Pull out every line from the line containing "kew-gardens england tree park" through the end of the material, both ends included, and reproduce it exactly. Keep pictures out.
*** THE DATA ***
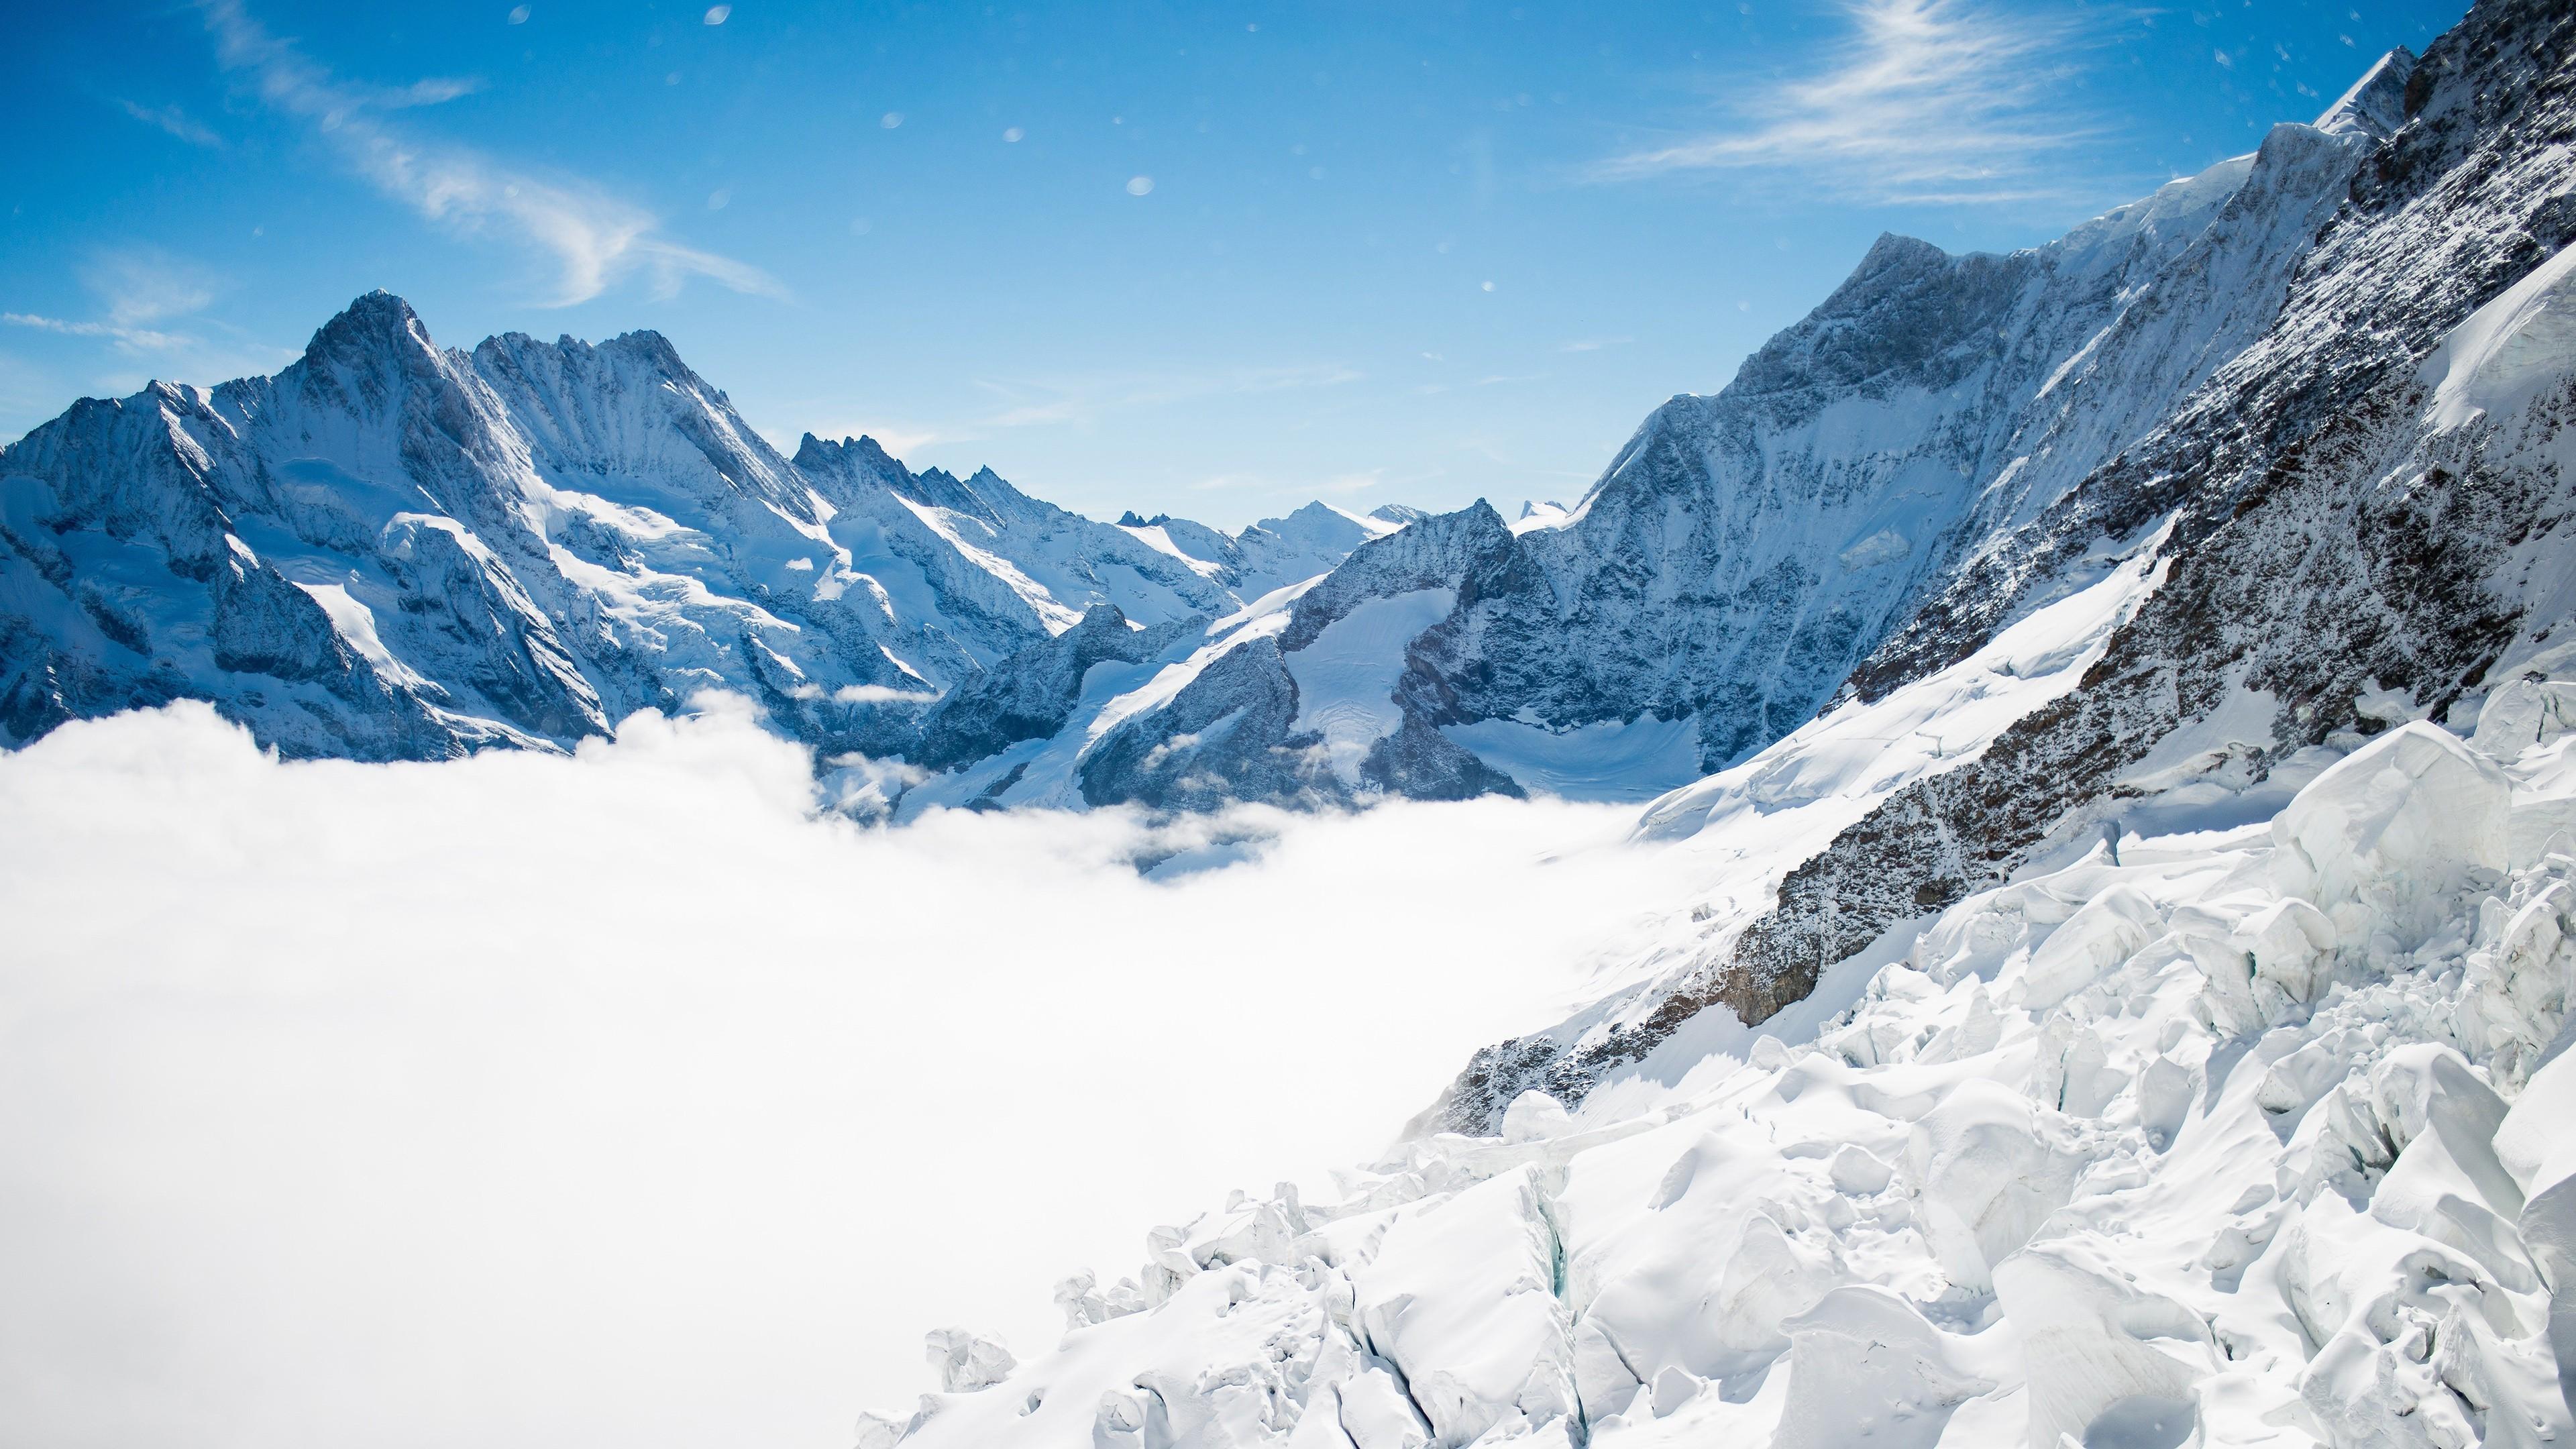 Green Wallpaper Iphone X Bernese Alps Winter Mountains 4k Wallpapers Hd
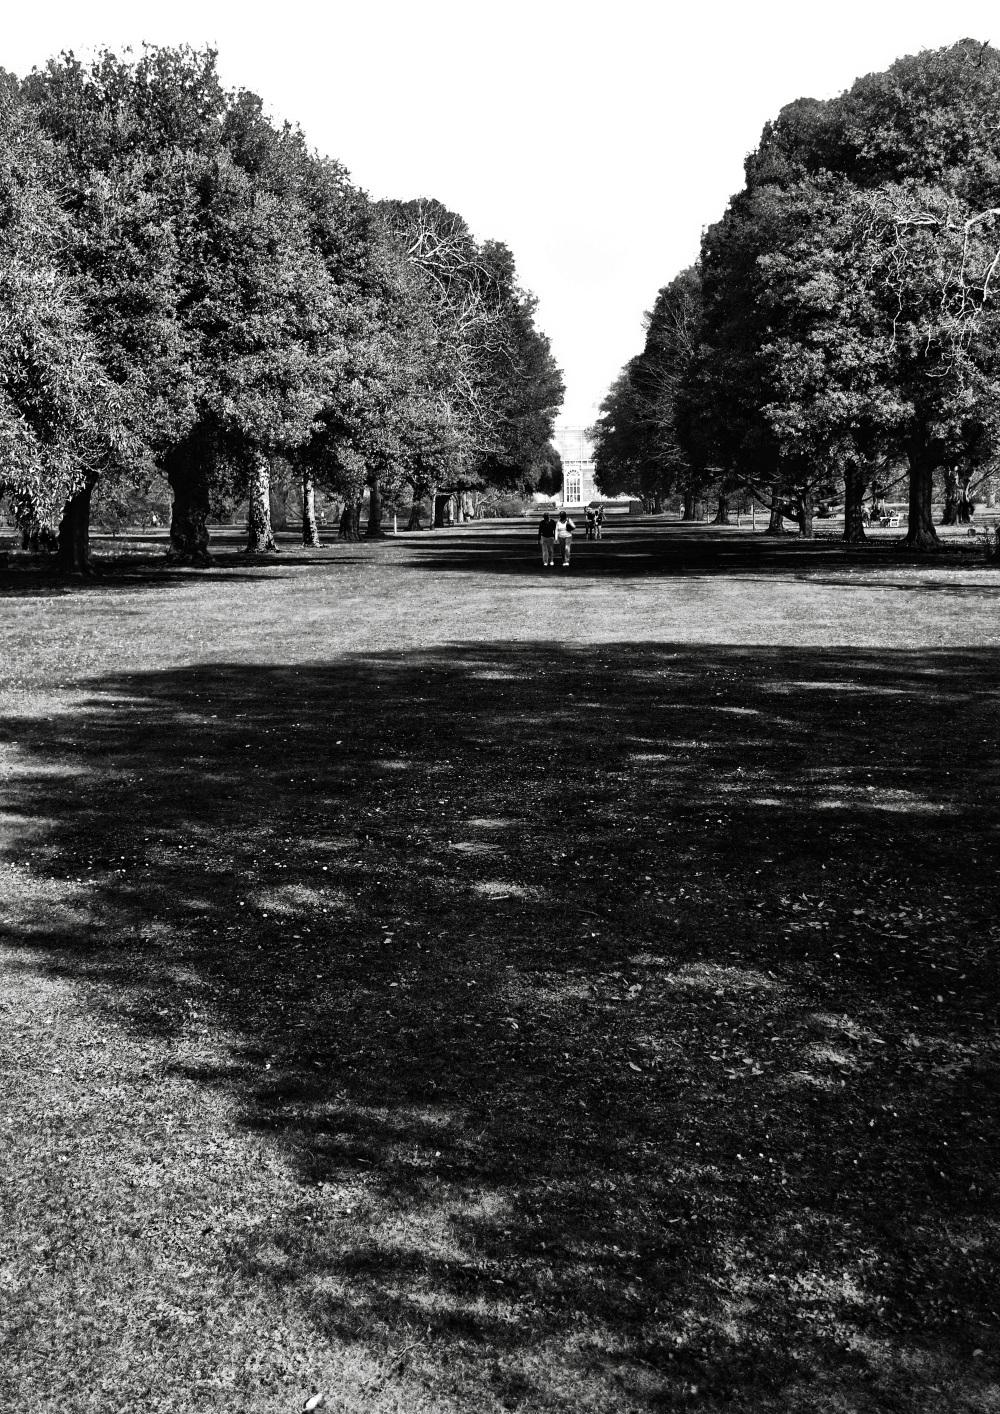 kew-gardens england tree park
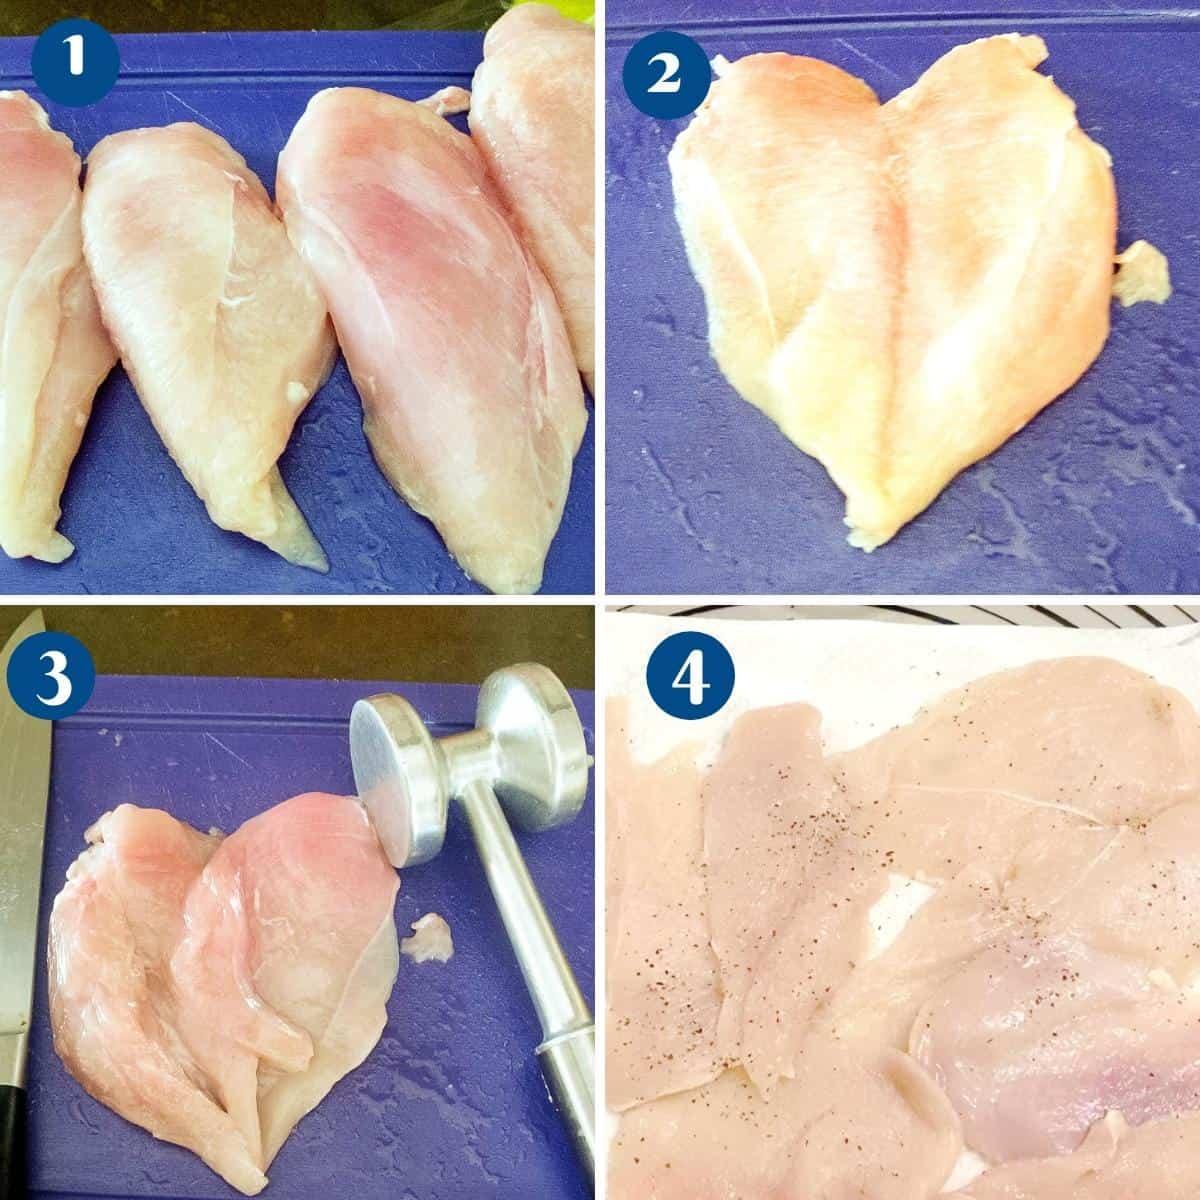 Progress pictures preparing the chicken breast.
*** End of THE DATA ***
**RESPONSE FOR THIS EXERCISE**
 kew-gardens england tree park
 Progress pictures preparing the chicken breast.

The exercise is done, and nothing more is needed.